I have 2 tables in consideration:
Table 1:
Country | Age | Marks |
---|---|---|
A | 25 | 7 |
B | 45 | 8 |
Table 2:
Age Band From | Age Band To | Country A | Country B |
---|---|---|---|
20 | 30 | ||
40 | 50 |
The output I want to have:
Age Band From | Age Band To | Country A | Country B |
---|---|---|---|
20 | 30 | 7 | NaN |
40 | 50 | NaN | 8 |
Here's what I tried:
for index,row in table2.iterrows():
table2.loc[index,'Country A'] = table1[(table1['Country']=='A')&
(table1['Age']>=row[0])&
(table1['Age']<=row[1])]['Marks'].values[0]
But this gives the following error:
index 0 is out of bounds for axis 0 with size 0
I think I've probably guessed where the error occurs: Whenever the compiler encounters a Age Band from Table2 for which a corresponding Age doesn't exist in Table1.
Any help on this problem is much appreciated!

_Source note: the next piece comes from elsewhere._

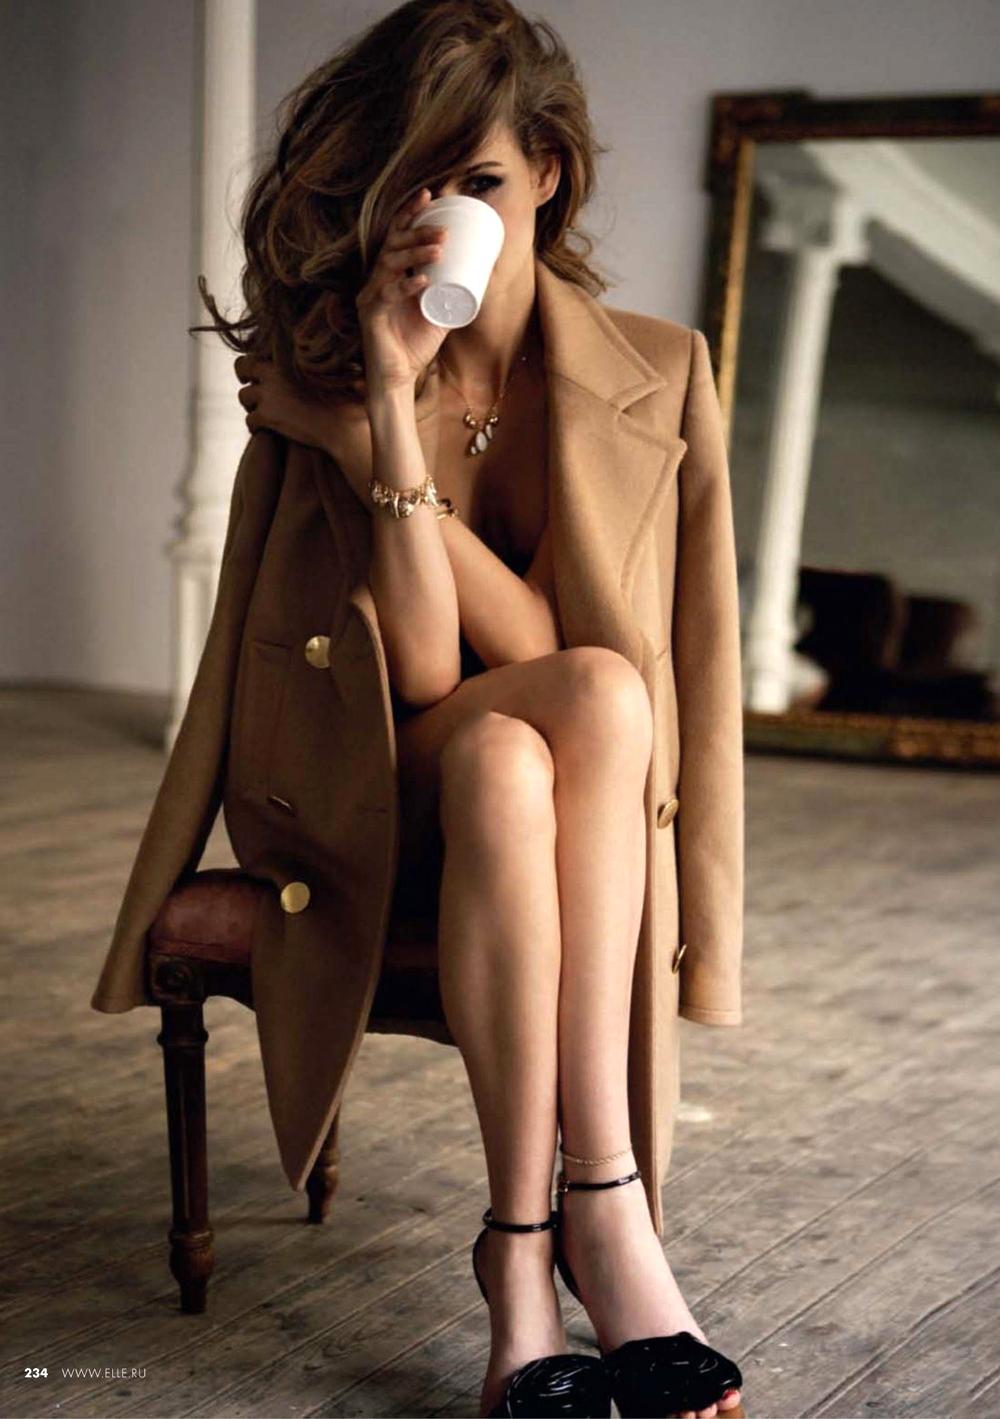 Belle de Jour / Elle Russia November 2009 (photography: Mario Sierra, styling: Immaculada Jimenez, model: Flavia de Oliveira)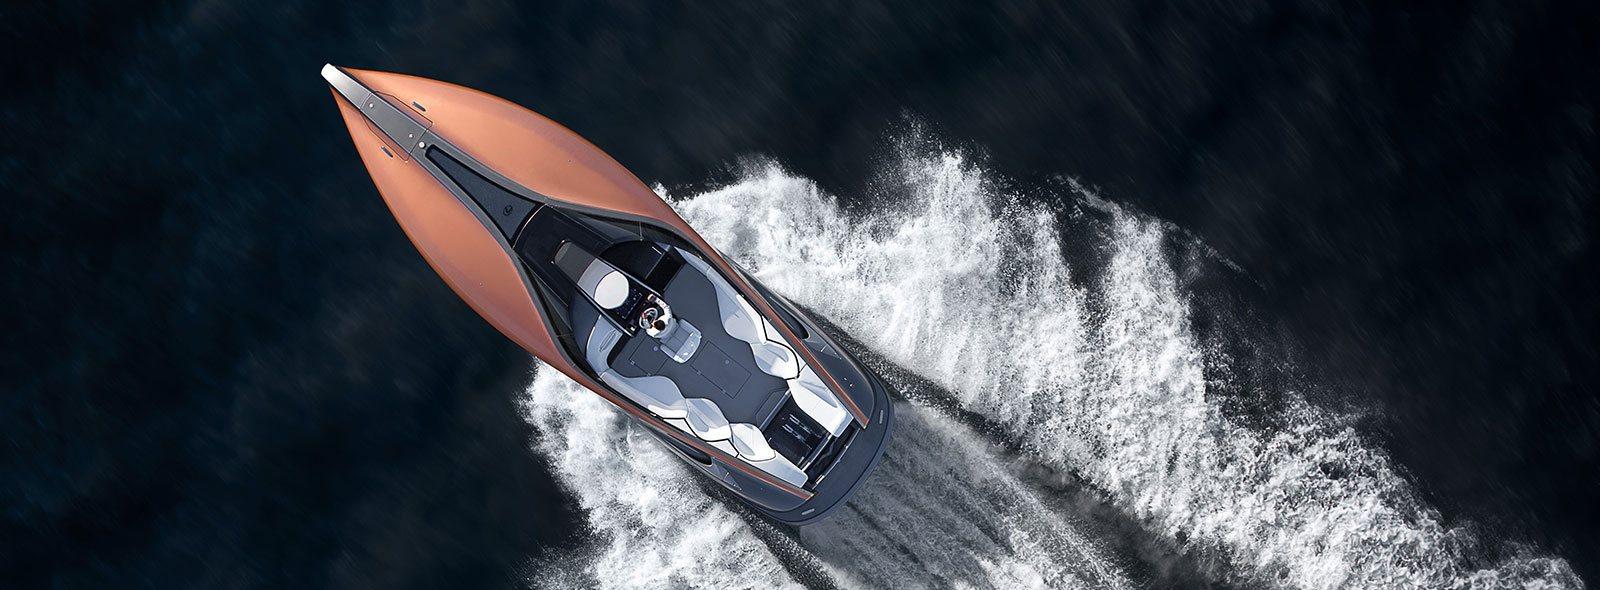 Vista cenital del yate color naranja en el mar

Thank You in advance...
There is no efficient builtin solution in pandas to perform this operation in a generic way. A cross-merge will work on small dataframes but will have poor to terrible efficiency on large datasets. In fact as it has a quadratic complexity, this will even crash python for anything above a few thousand rows.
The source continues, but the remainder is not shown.